What is destroyed in the process is not dignity, rather it is control or the illusion of control. When placed in survival mode, life is reduced to the bare necessities, to what Agamben (1998) has labeled homo sacer, literally, sacred life, but in Agamben’s terms is defined more metaphorically as bare life. In the paradigmatic exceptional space, the Nazi Death Camps, homo sacer collides with the ordinary citizen, one surviving in limbo, outside of the borders of the political system and one entrenched within the borders of that system; one powerless, the other holding the key to ultimate power—life and death.
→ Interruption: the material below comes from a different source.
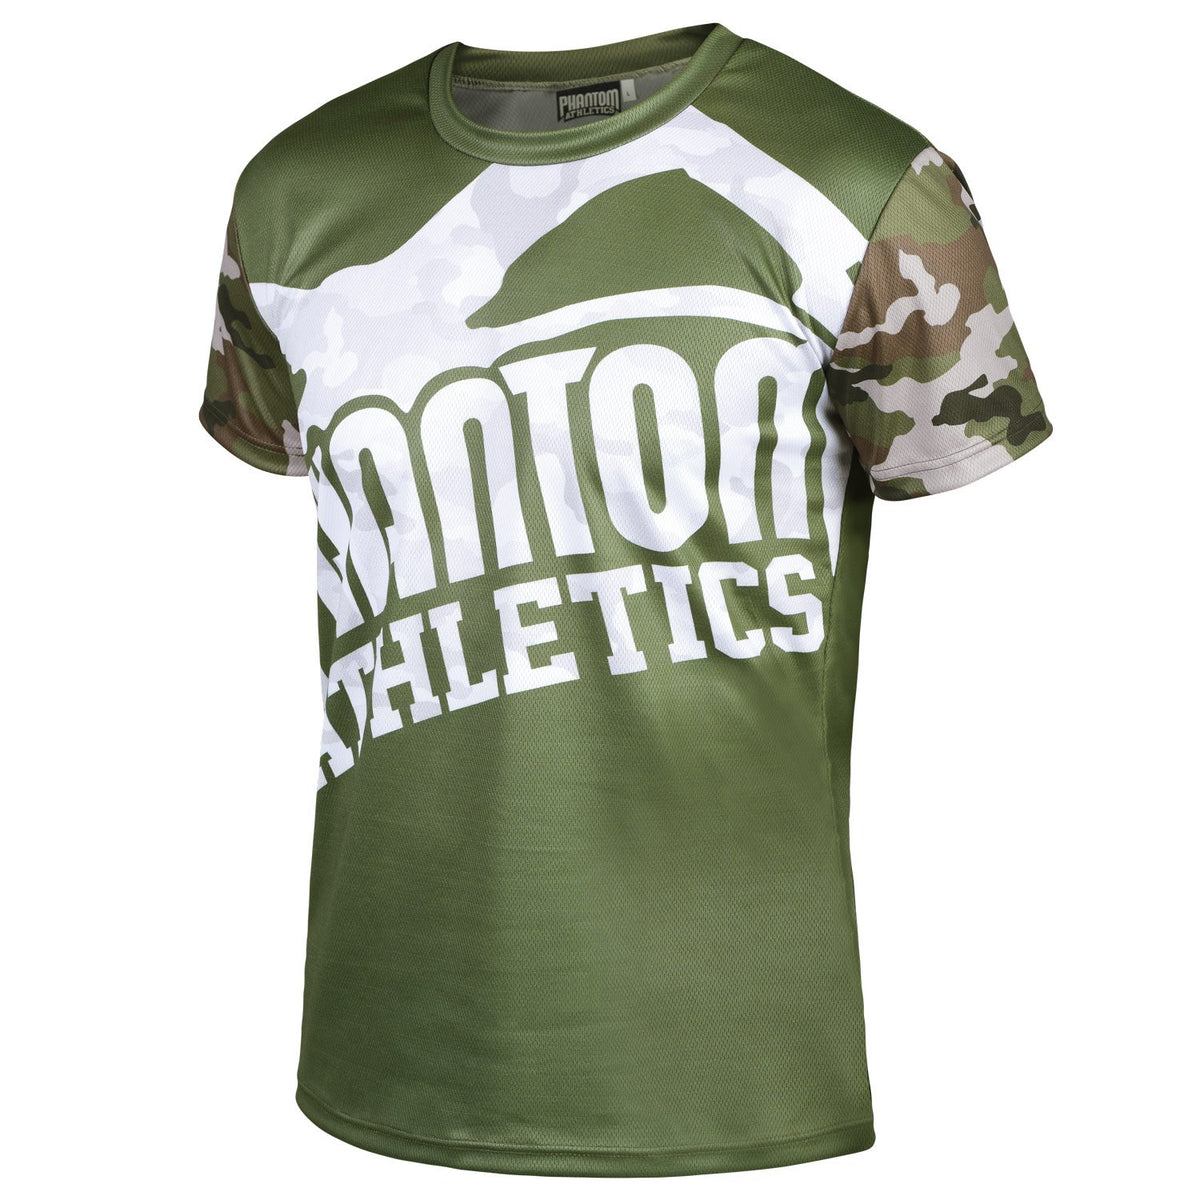 Training shirt evo warfare - army camo
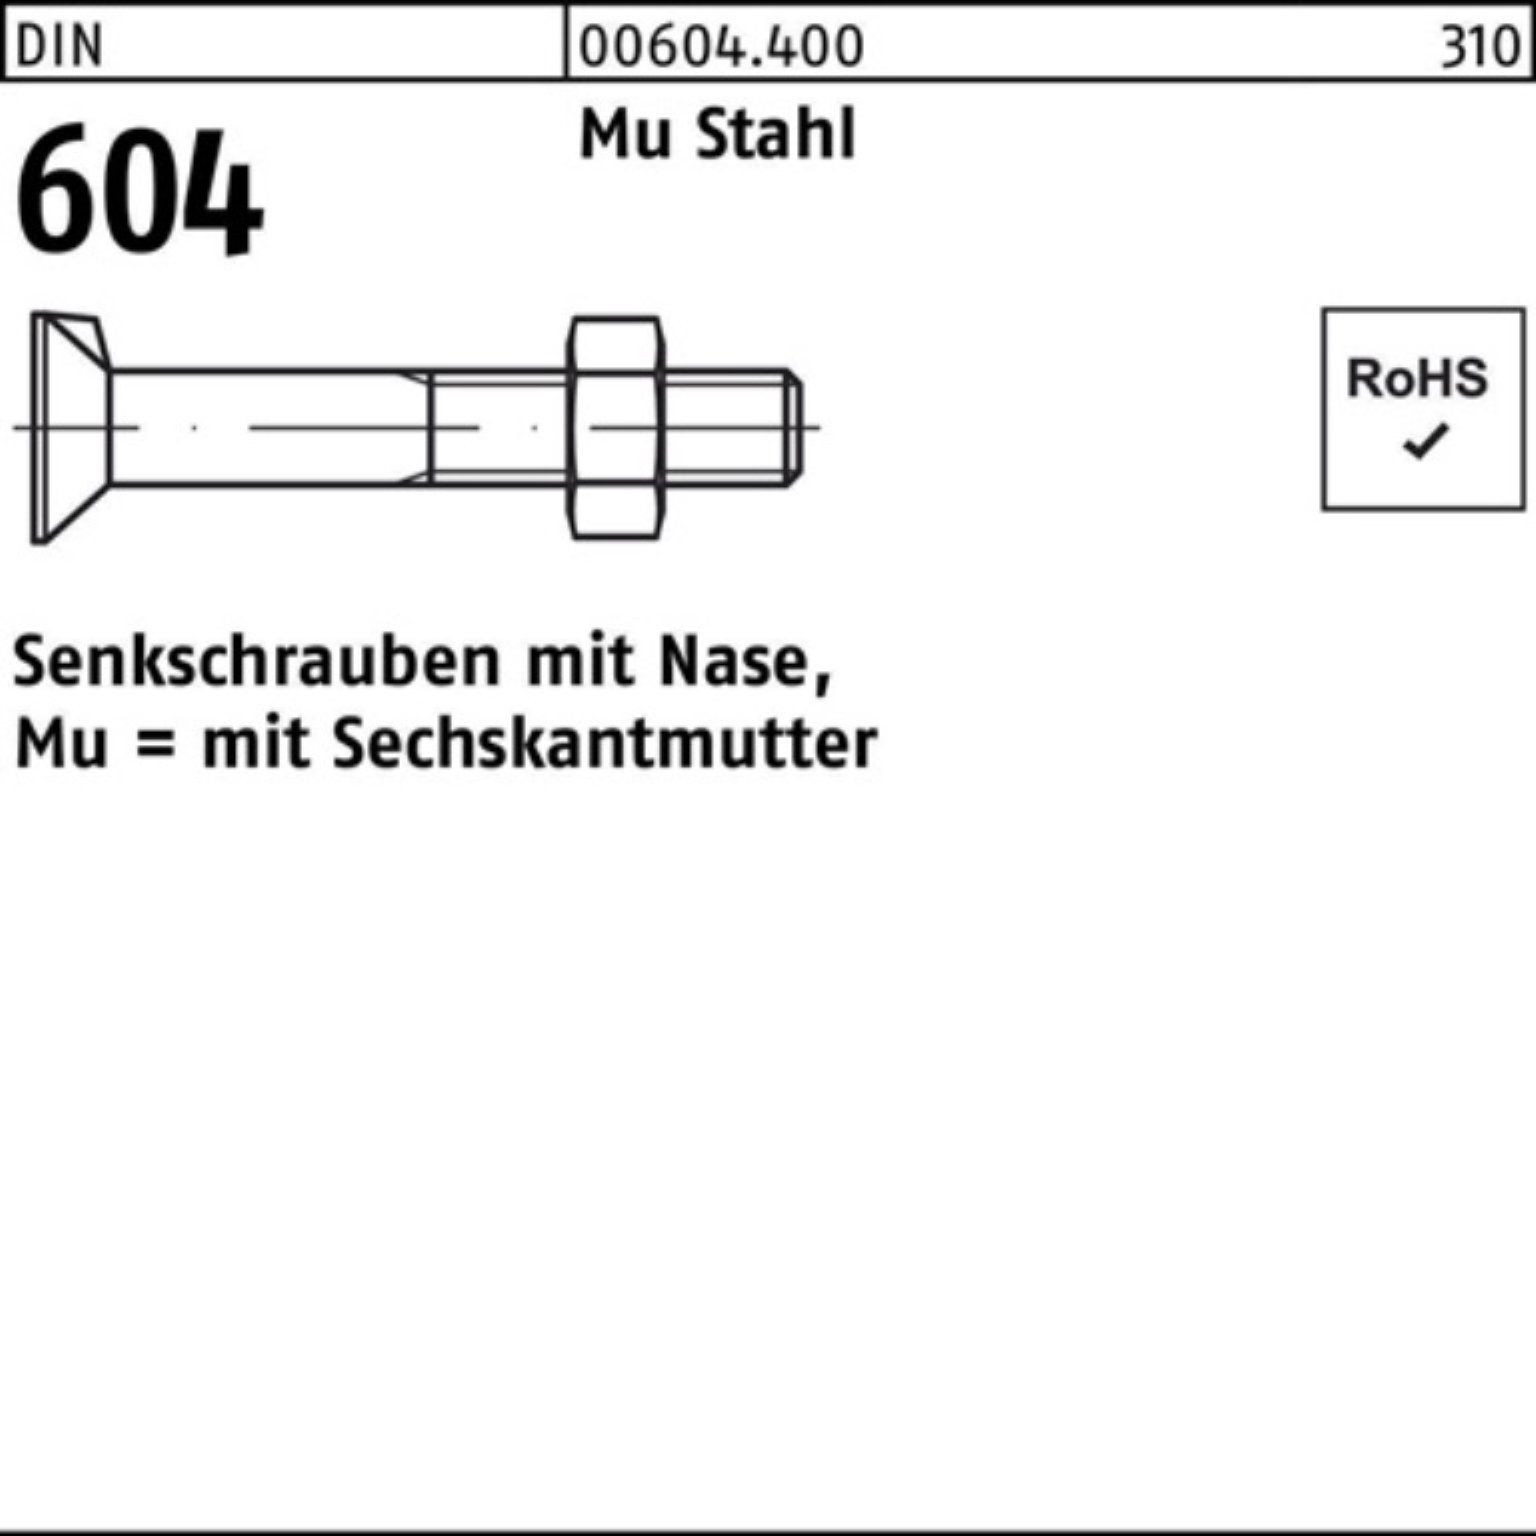 Reyher Senkschraube 100er Pack Senkschraube DIN 604 Nase/6-ktmutter M10x 100 Mu Stahl 4.6

The United States is not exempt from creating borderless states of isolation. Native American people have lived in isolation on reservations for a hundred years or so, isolated as sovereign nations within a sovereign nation, a euphemism that is intended to hide the source of Real power. During World War II, Japanese Americans were herded into internment camps, isolated in the California desert and the Great Basin where they could be separated from Real Americans. More recently, the detention camp at Guantanamo place the lives of enemy combatants in limbo under the watchful eye of the military. Each of these instances, including the paradigmatic case, fall into what Agamben (1998) calls biopolitics.

Lewis extends this argument to schools, labeling the activity of schools and schooling as biopedagogy. Students are placed in a position of being homo sacer in the sense that because they are subject to nothing but external rules, to not being able participants in the decisions that directly and indirectly impact their lives, schools are places where students necessarily collide with those that choose to control them. Schools isolate, separate, and punish sometimes just because they can. The real tragedy is that this all appears to be normal to the rest of us.

 References

Agamben, G. (1998). Homo Sacer: Sovereign power and bare life (D. Heller-Roazen, Trans.). Sanford, CA: Sanford University Press.

Lewis, T. E. (2006). The school as an exceptional space: Rethinking education from the perspective of the biopedagogical. Educational Theory, 56(2), 159-176.

Žižek, S. (2002). Welcome to the desert of the real: Five essays on September 11 and related dates. London: Verso.